We think, moreover, that as a practical proposition defendant was not in any event prejudiced by the instruction in question, for we think the driver’s own testimony would naturally lead to a finding that he was negligent, in that after seeing plaintiff and her daughter “out in the street,” and at a distance of 25 to 50 feet, and seeing one of them stop, he took it for granted that both would stop, and so did not look again until he heard a warning call from his brother, when the automobile was within 5 to 8 feet of the plaintiff, and it was too late to avoid collision.
Finding no error to defendant’s prejudice, the judgment of the District Court is affirmed, with costs.
See Schumer v. Register, 12 Ga. App. 748, 746, 78 S. E. 731.

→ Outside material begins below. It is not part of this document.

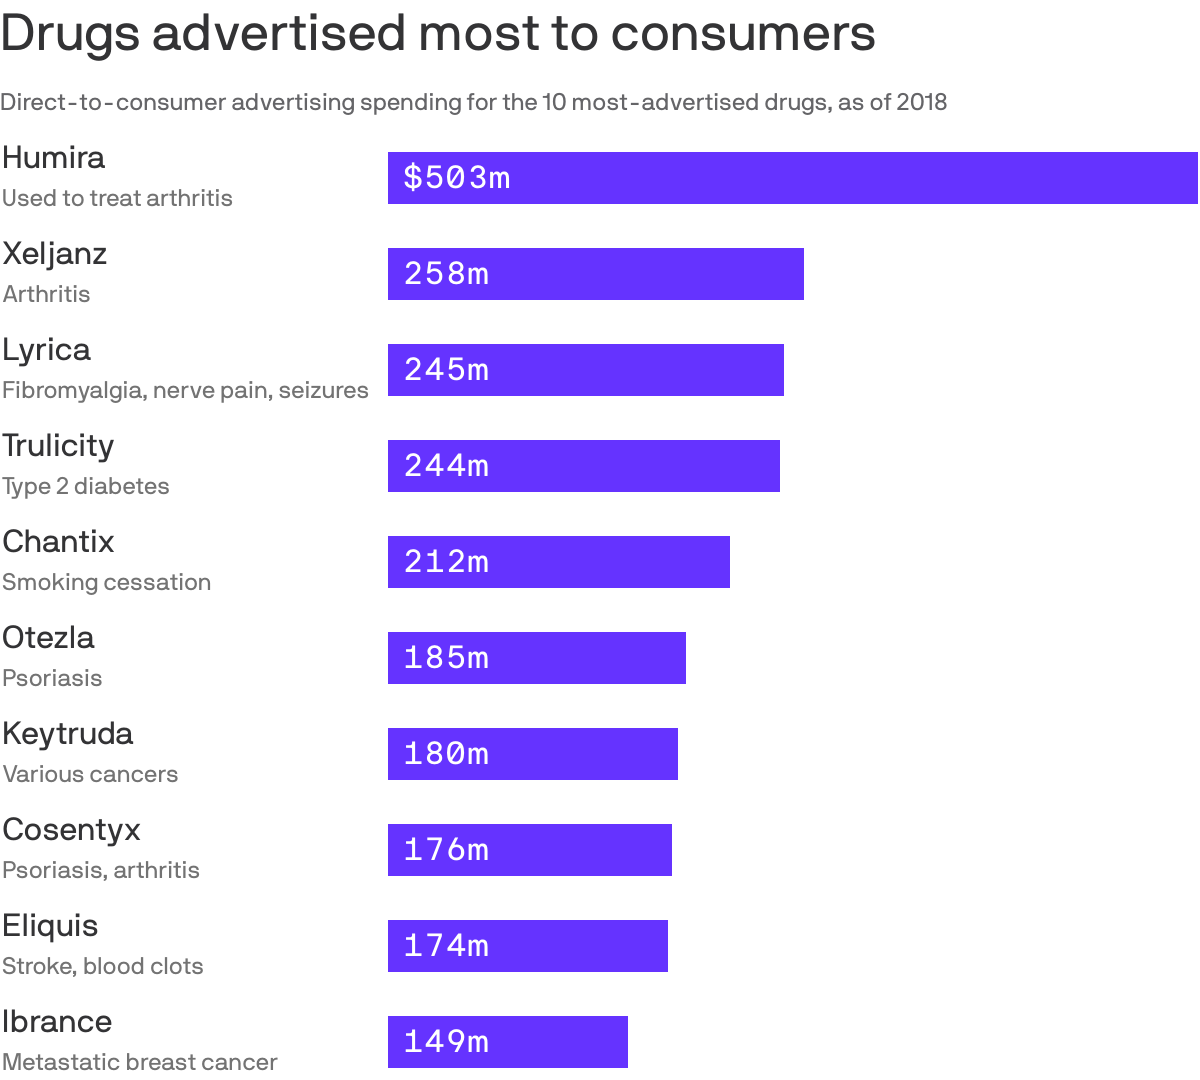 Drugs advertised most to consumers

See, to the contrary, Daily v. Maxwell, 152 Mo. App. 415, 133 S. W. 851; Davis v. Littlefield, 97 S. C. 171, 81 S. E. 487.
One of defendant’s sons, who sat on the front seat with the driver, testified tliat the automobile was going at a rate of only 6 miles an hour, adding: “We hadn’t been going faster than that at any time through the congested district. I knew the law allowed us to run at 8 miles an hour, and knew if we were going at more than 8 miles, an hour, we were breaking the law.” The driver (William) testified that he was running only 7 or 8 miles an hour.
“Defendant excepts to that portion of the court’s charge in which he said that a violation of the state law is negligence per se, without calling attention, to the fact that such negligence contributed to the accident or was the proximate cause thereof.”